Ask the Master Gardener: Keeping the garden clean and tidy

Published 5:00 pm Tuesday, September 3, 2002

Your mother was right. Neatness does count. A messy garden makes even more work than a tidy one. It’s preventive maintenance-like changing the oil in the car before it gets to be sludge. A little bit each day goes a long way. Let me give you some examples.

I went away for ten days last month and when I returned I found that the rose garden was a disaster. There were lots of black spots on the leaves. Faded blooms were dusty lumps of fungal spores. I found a broken cane where the neighbor’s dog had run through. The weather had been hot and cold, wet and dry, but mostly muggy – ideal weather for fungus, but that’s life in the maritime Northwest. I could have anticipated that.
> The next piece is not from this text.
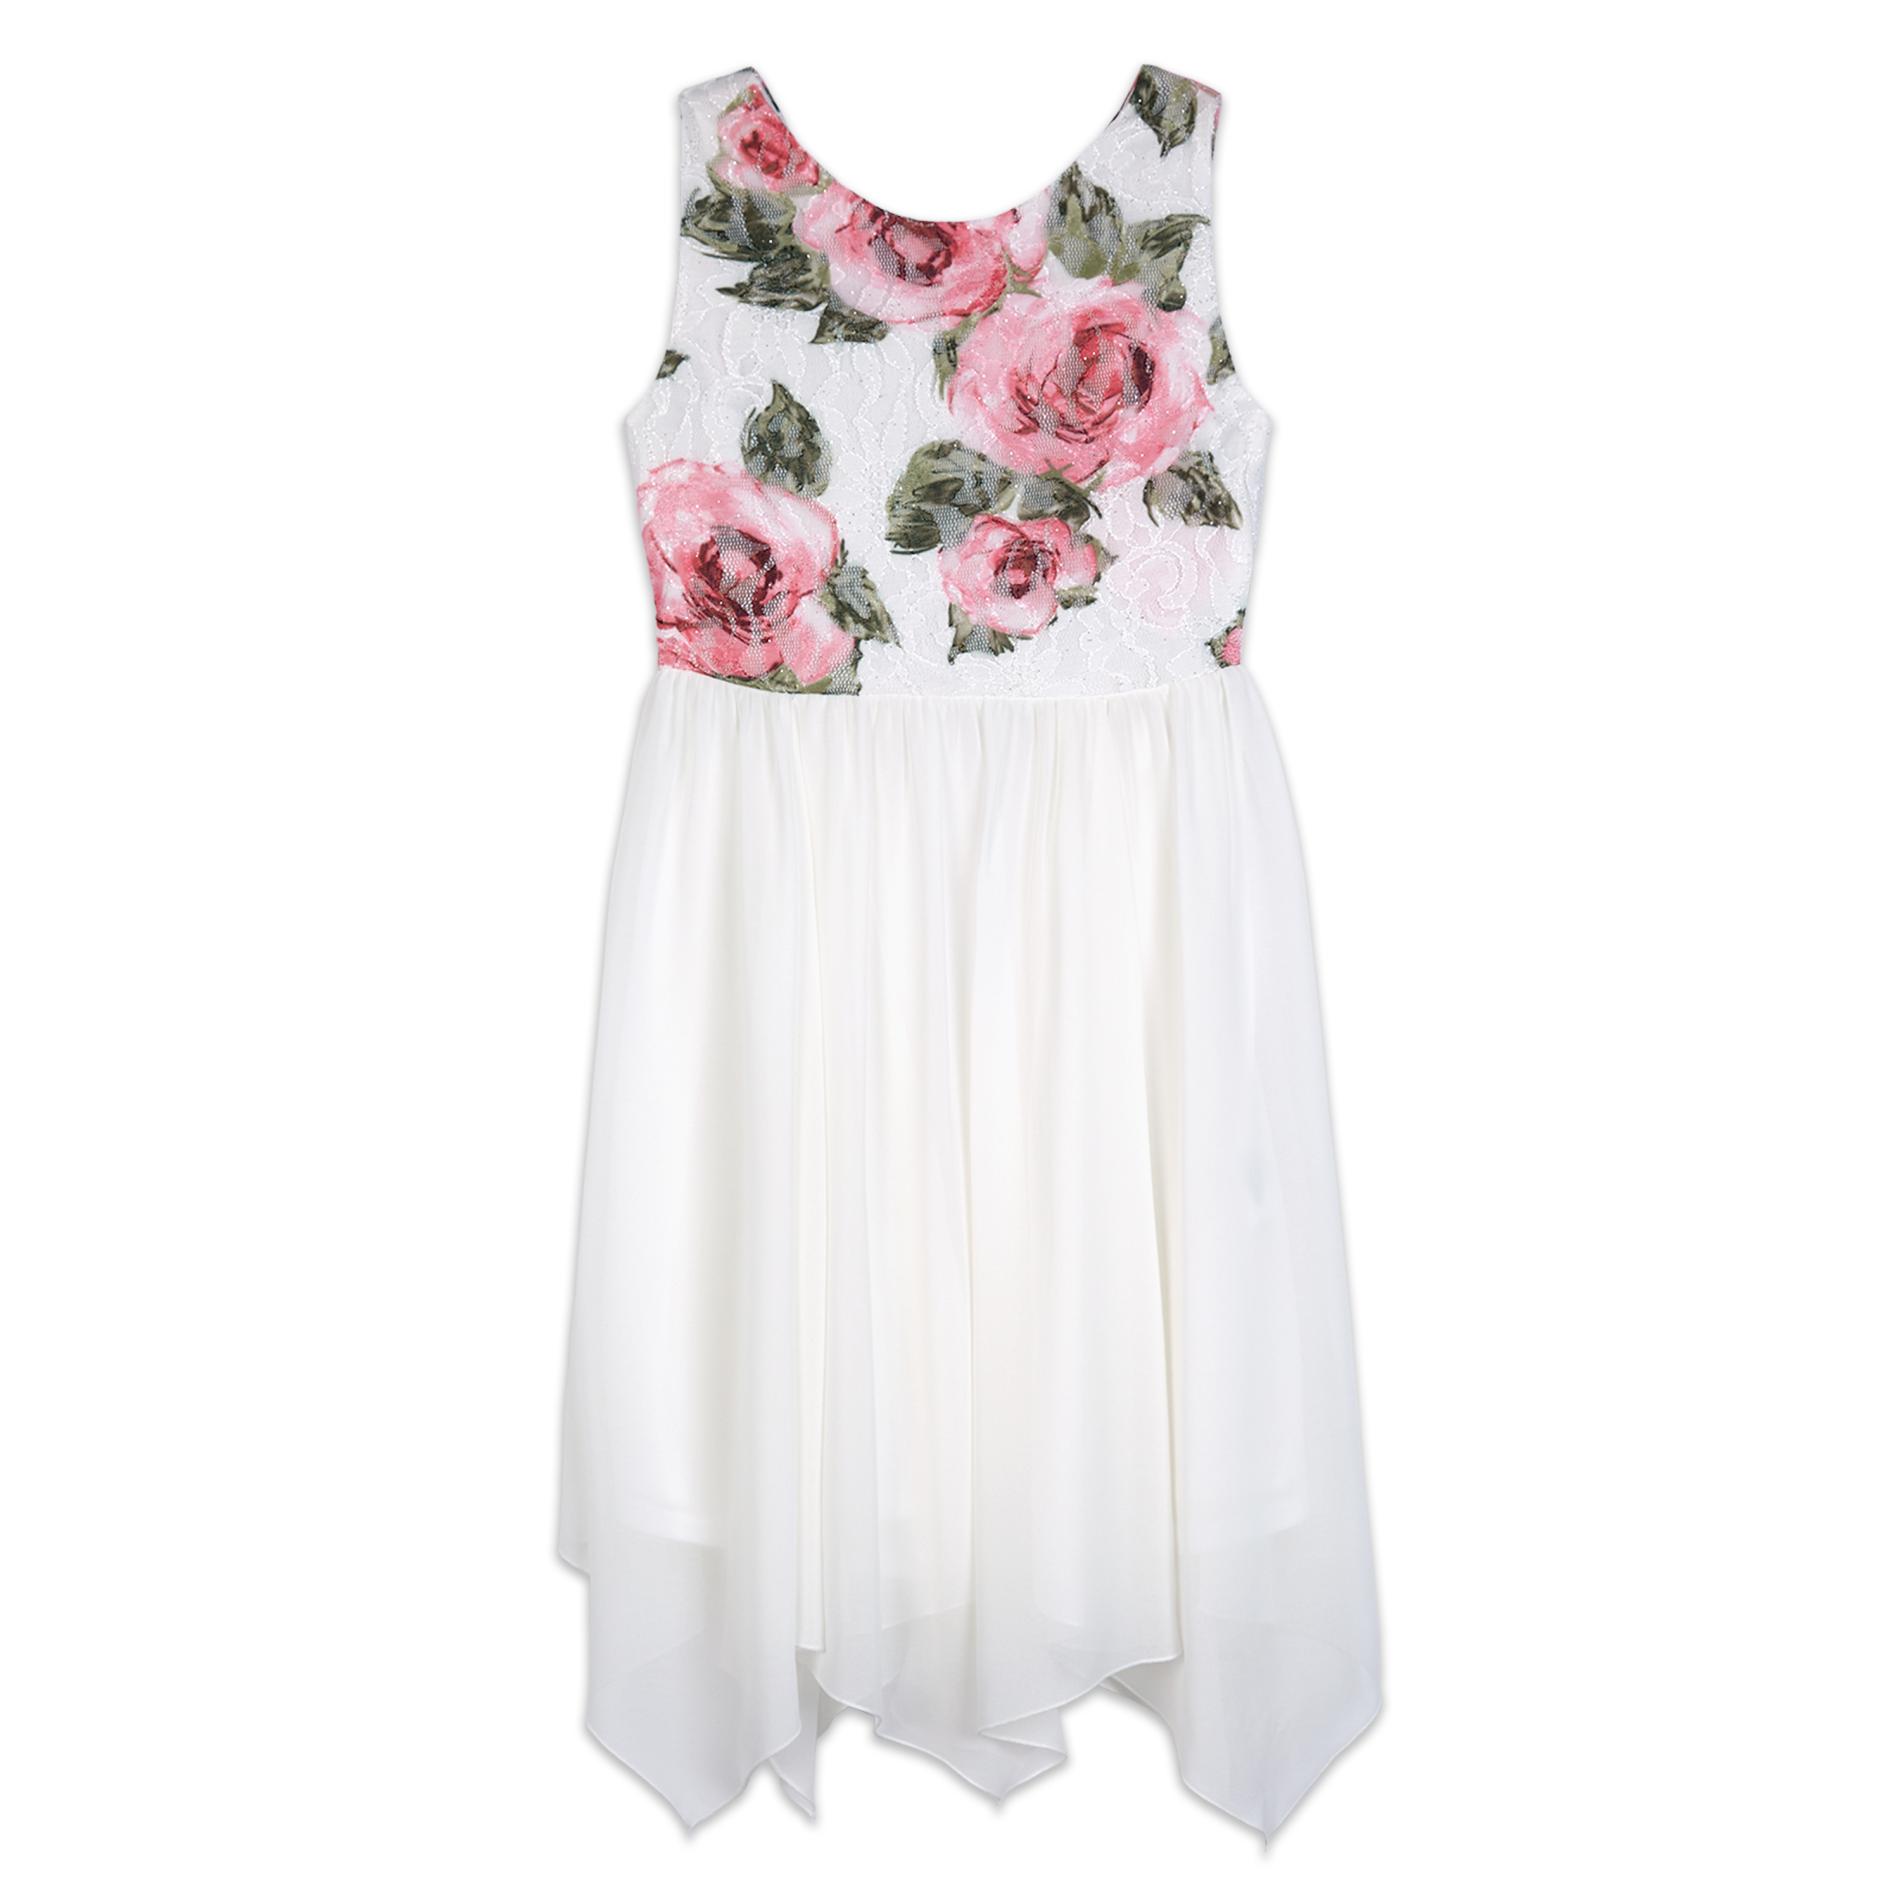 Amy's Closet Girls' Sleeveless Occasion Dress - Floral

A big part of my problem is me. I should not be growing the delicate hybrid tea roses that are so prone to diseases like blackspot, botrytis, powdery mildew and canker. I didn’t choose the right plant for the right spot, so I have more work. There are roses that resist these diseases and still give you wonderful flowers and scents. I also didn’t clean up the faded blossoms right away so they had an opportunity to become fungal nurseries. I didn’t pick off and discard the spotted leaves in the trash (never the compost, please) so the blackspot multiplied.
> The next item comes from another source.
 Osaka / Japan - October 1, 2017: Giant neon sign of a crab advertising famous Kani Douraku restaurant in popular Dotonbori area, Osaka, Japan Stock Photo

And the broken rose cane is an open wound just asking for a bacterial disease or other nasty to enter the main stem. That means some heavy pruning is in order. And now I am going to have to rake out all of the mulch I put down last spring, dispose of it in the trash and re-mulch the whole bed to try to keep the diseases under control. I may even have to spray a fungicide on the worst spots. Meanwhile, my plants will look leggy and unhealthy for many weeks. This is much more work than spending a few minutes each day cutting off the old flowers and watching for potential problems to “nip in the bud”.

Another place prevention really pays off is in the annual flowers. An annual is defined as a plant that germinates, grows, flowers, sets seed and dies in one season. What the books don’t always tell you is that an annual plant will go through all of these stages as fast as it can, without looking at the calendar if you let it. That’s why so many folks have dead or dying lobelias and petunias by August 1. It’s like the plant says, “Okay – I’m pregnant now, so I’m out of here!”

To keep the flowers going into October or even November, you need to cut off the fading flowers before the seeds form. This makes the plant think it’s still June. Give your annuals a haircut after bloom, feed them a light meal of low-nitrogen fertilizer and water them as needed. This regimen takes minutes of time and its reward is weeks and weeks of bright flowers. I spend a lot of money on annual transplants and I feel it keenly in my Scots ancestry when they brown out on me too soon.

Third example: weeds. The old adage that “One year’s seeding means seven years weeding” is probably an understatement. Weeds are weedy because they are incredibly successful at self-propagation. They seed, germinate, run, spread by stolons … you get the picture. If you let a weed get a toehold in your beds, you will have weeds for a long time. This means that you will dig, hoe, pull, kneel in the mud, possibly curse, and probably lose some valuable plants as weeds invade the crowns of your prize exotics.

The best solution to the weed problem is to (a) pull them out when they are really small and (b) keep the soil covered with a mulch so that light doesn’t get down there to start more of those dormant seeds to action.

Be aware that your soil has weed seeds in it. Some of them have been there for fifty years. No kidding: Scots broom seeds are reported to grow well after 70 years. If you don’t let them start, they won’t cause you any problems. But, once they are going, get rid of them pronto. Regular attention to tidiness is the key. Five minutes a week may be enough to weed a bed of flowers or vegetables, unless you skip a week or two. Then the time needed to clean up increases dramatically. Don’t let yourself get behind.

Remember, there is no such thing as a “No Maintenance” garden, but you can reach low levels of work if you plant the right plants, use mulches and water-wise irrigation systems and keep up on your tidying. Like mom said, “Go Clean Up Your (garden) Room!” Trust me, you’ll like the results.